The contract was signed in June 2016. It was not made public until December 2017. Guyana knew that oil had been discovered since 2015. Yet, it is only now that the government is scrambling to put in place a Local Content Policy. And this is after the Trinidadians and other foreigners have gobbled up the contracts for the supply of goods and services to Exxon, Hess and CNOOC Nexen.
If the details of the contract had been known earlier, local companies would have had a better chance. I am suggesting that the horse has already bolted and the Local Content Policy is of no material significance at this time. In any event, a Local Content Policy is of no use without Local Content legislation.
The government, which is further out to sea than Exxon’s oil rig, does not have a clue as to how to systematically approach the development of the oil industry. It is learning as its goes along, at a huge price to the country’s interests.

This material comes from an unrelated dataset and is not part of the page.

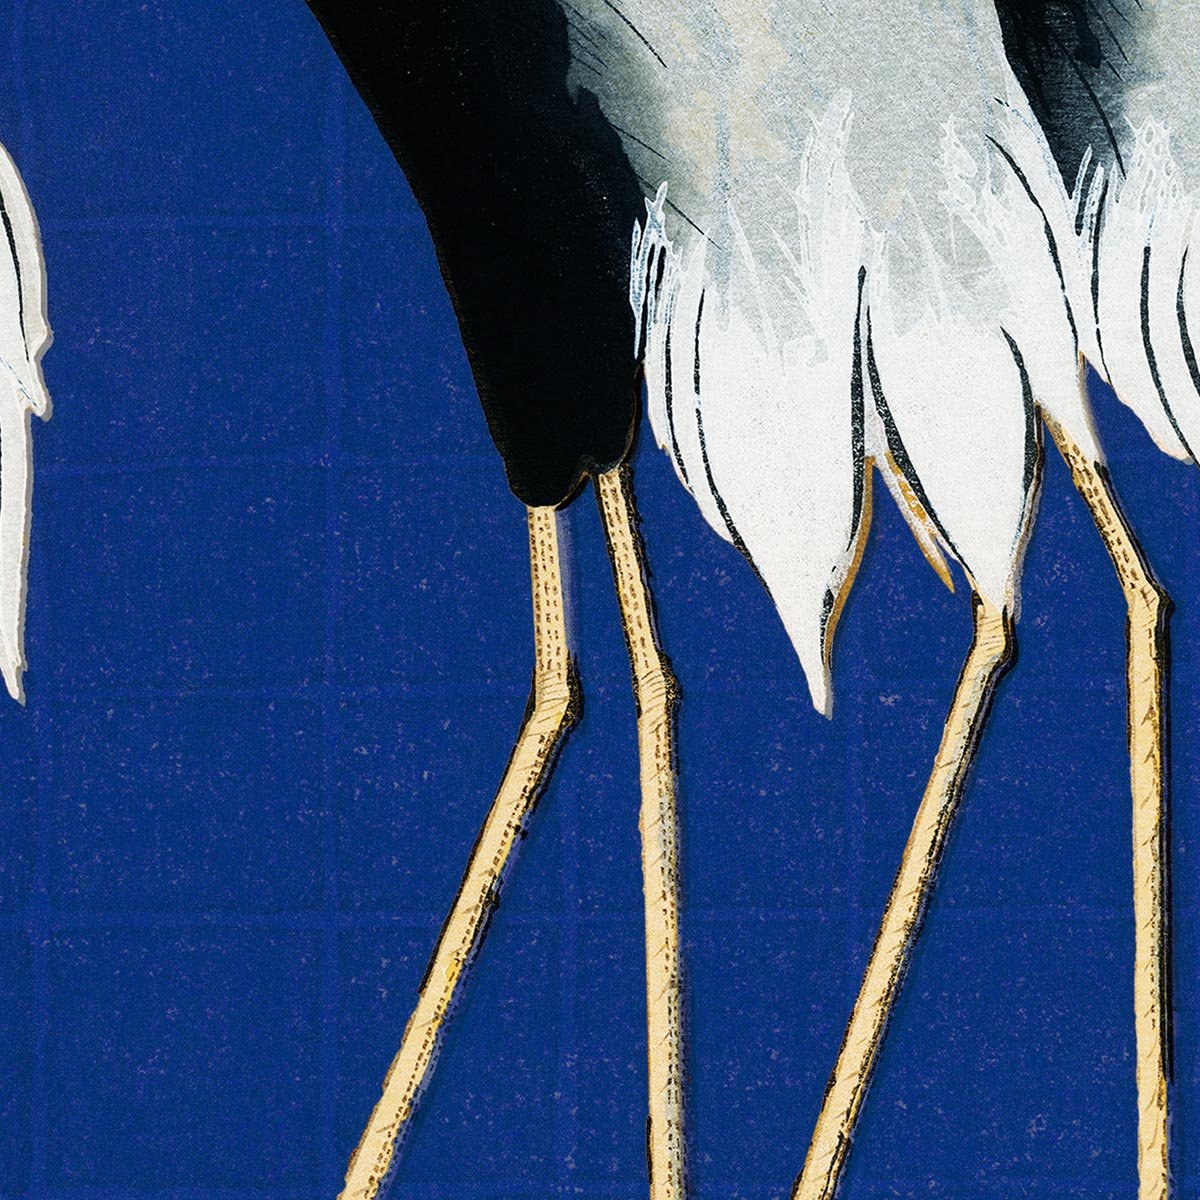 7 Birds by Korin in Blue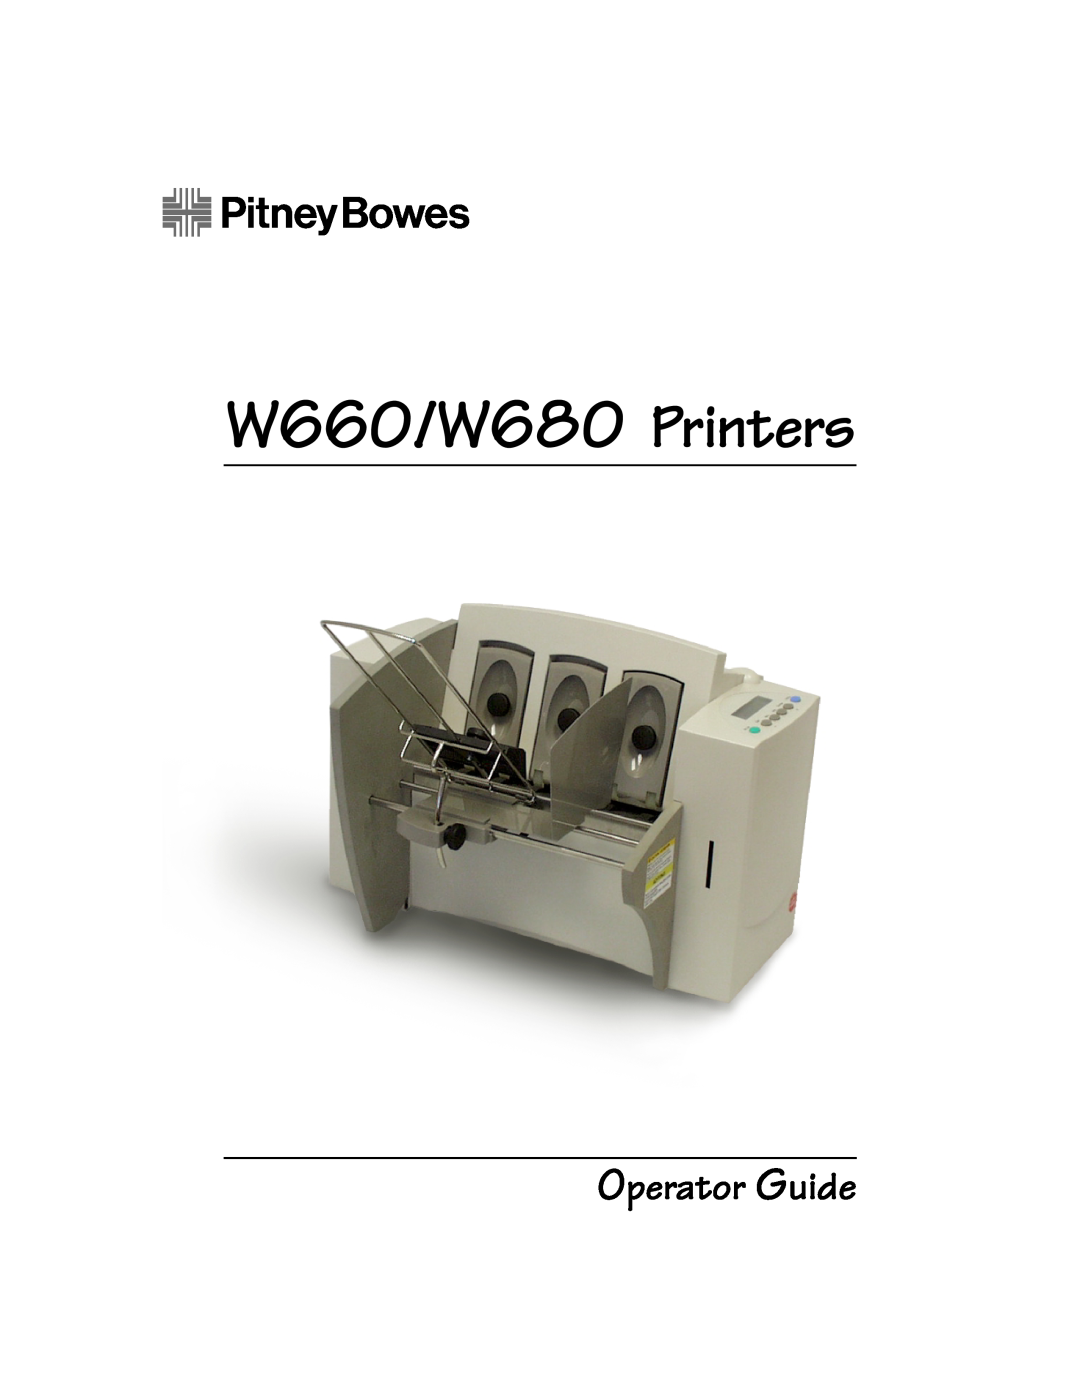 Pitney Bowes W680, W660 manual

The government did not need a Local Content policy to ensure that locals benefitted from the provision of goods and services to the petroleum sector. Provisions already exist within the contract which the government signed, with Exxon, to have greater local participation in the oil sector
The contract with Exxon provides that the oil companies have to give preference to the purchase of Guyanese goods and services, provided that such goods and services are available on a timely basis and in the quantity required, at competitive prices.
The contract also provides for the company to give preference to local companies as sub-contractors, insofar as they are commercially competitive and meet the technical requirements demanded by the contractor.
The government is yet to explain to the public what it has done to enforce these provisions of the contract. Perhaps, it is also not to the national benefit or interest to make that known.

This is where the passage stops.